While high-level indicators apply to all kinds of software, not all low-level indicators do so since the requirements to fulfil a high-level indicator may depend on the type of software. For instance, the conditions for a web application to be accessible differ from a command-line tool. To keep our set of indicators as simple as possible, we only distinguish between what we consider the minimum number of software categories necessary for our purpose: ‘web’ and ‘non-web’ tools. Consequently, each low-level indicator can apply exclusively to ‘web’, exclusively to ‘non-web’ or to both types of tools (see Fig. 1 for further details).
As the translation of the FAIR principles for research software is an iterative effort, any indicators associated with them will naturally evolve following a community-driven effort. As these efforts mature, better indicators can be derived over time, with the focus being on their automated measurement. Altogether, it will eventually provide a temporal perspective on the evolution of these efforts and their impact on the broader research community.

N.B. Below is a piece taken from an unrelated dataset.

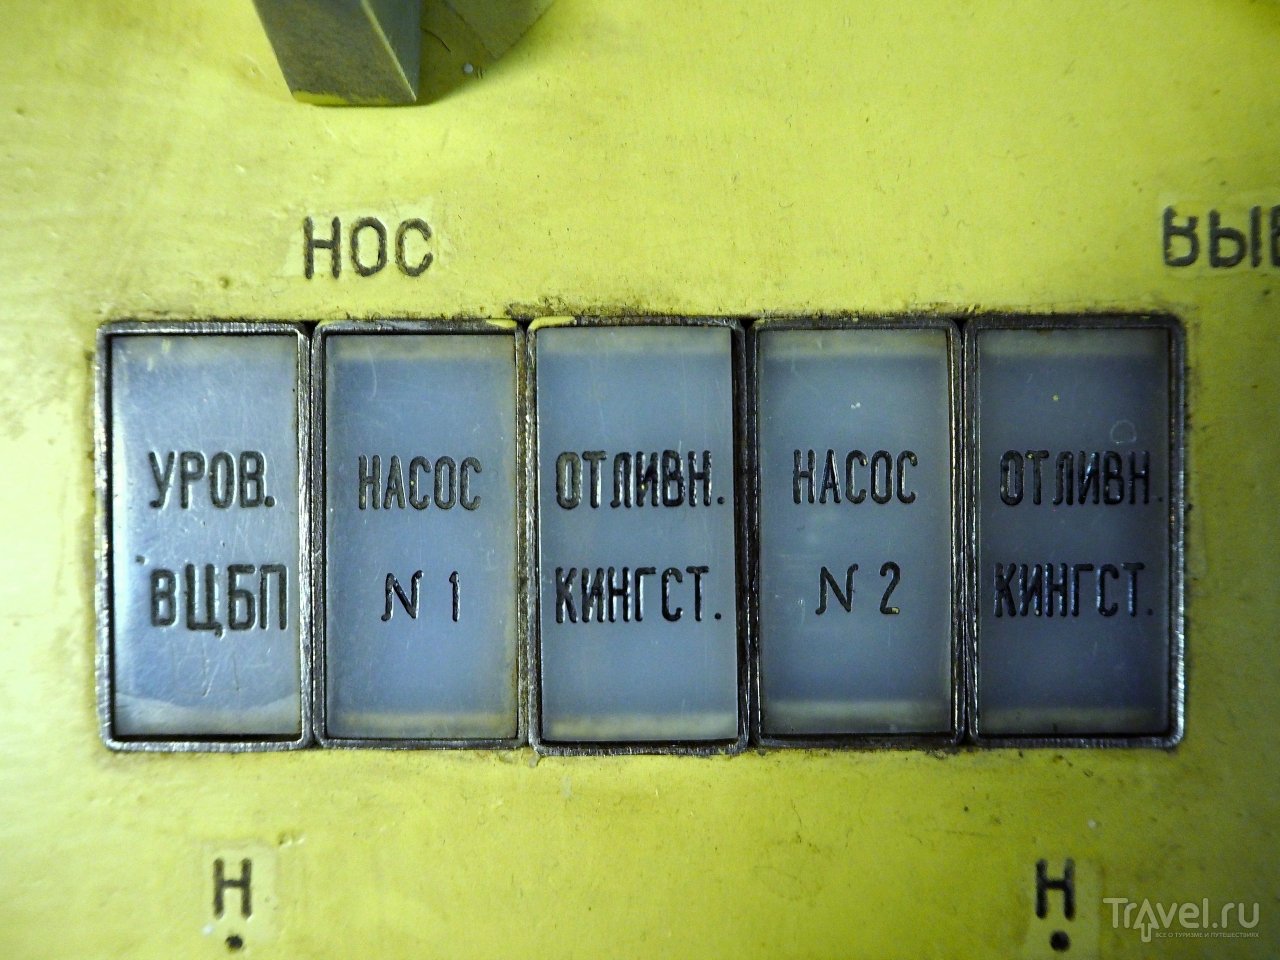 Музей Подводной лодки Б-396 / Россия

2.1 Proposal for a FAIRsoft scoring system
To translate the fulfilment of low-level indicators into an objective evaluation, low-level indicators were assigned a weight that encapsulates their relative relevance in the context of the associated high-level indicator. Similarly, each high-level indicator was assigned a weight that summarizes its relevance for the FAIR principle it was associated with. This allowed us to accumulate scores, ranging from 0 to 1, for high-level indicators and principles of an instance. Supplementary Figure S5 offers a practical example of how high- and low-level indicators are measured for a given software, e.g. trimAl v1.4.1 Weights for all indicators were assigned to reflect their relevance and dependencies following the initial data collected. Indeed, selecting such weights is necessarily arbitrary and subjected to further revision as the principles evolve. Supplementary Figures S1–S4 summarize the details of the FAIRsoft scoring system, including the methodology used in their evaluation from the metadata available in OpenEBench. It is important to clarify that the scores we propose here do not aim to be an absolute measurement of FAIRness but a summary value that captures the level of fulfilment of a comprehensive set of indicators. An appropriate assessment of FAIRness would require examining each item with greater detail. Nonetheless, quantitative FAIRsoft scores constitute a valuable tool for exploring software quality-related features, especially in the context of a population of tools. This effort allows us to identify general trends and propose targeted actions to improve the overall research software quality (see examples below).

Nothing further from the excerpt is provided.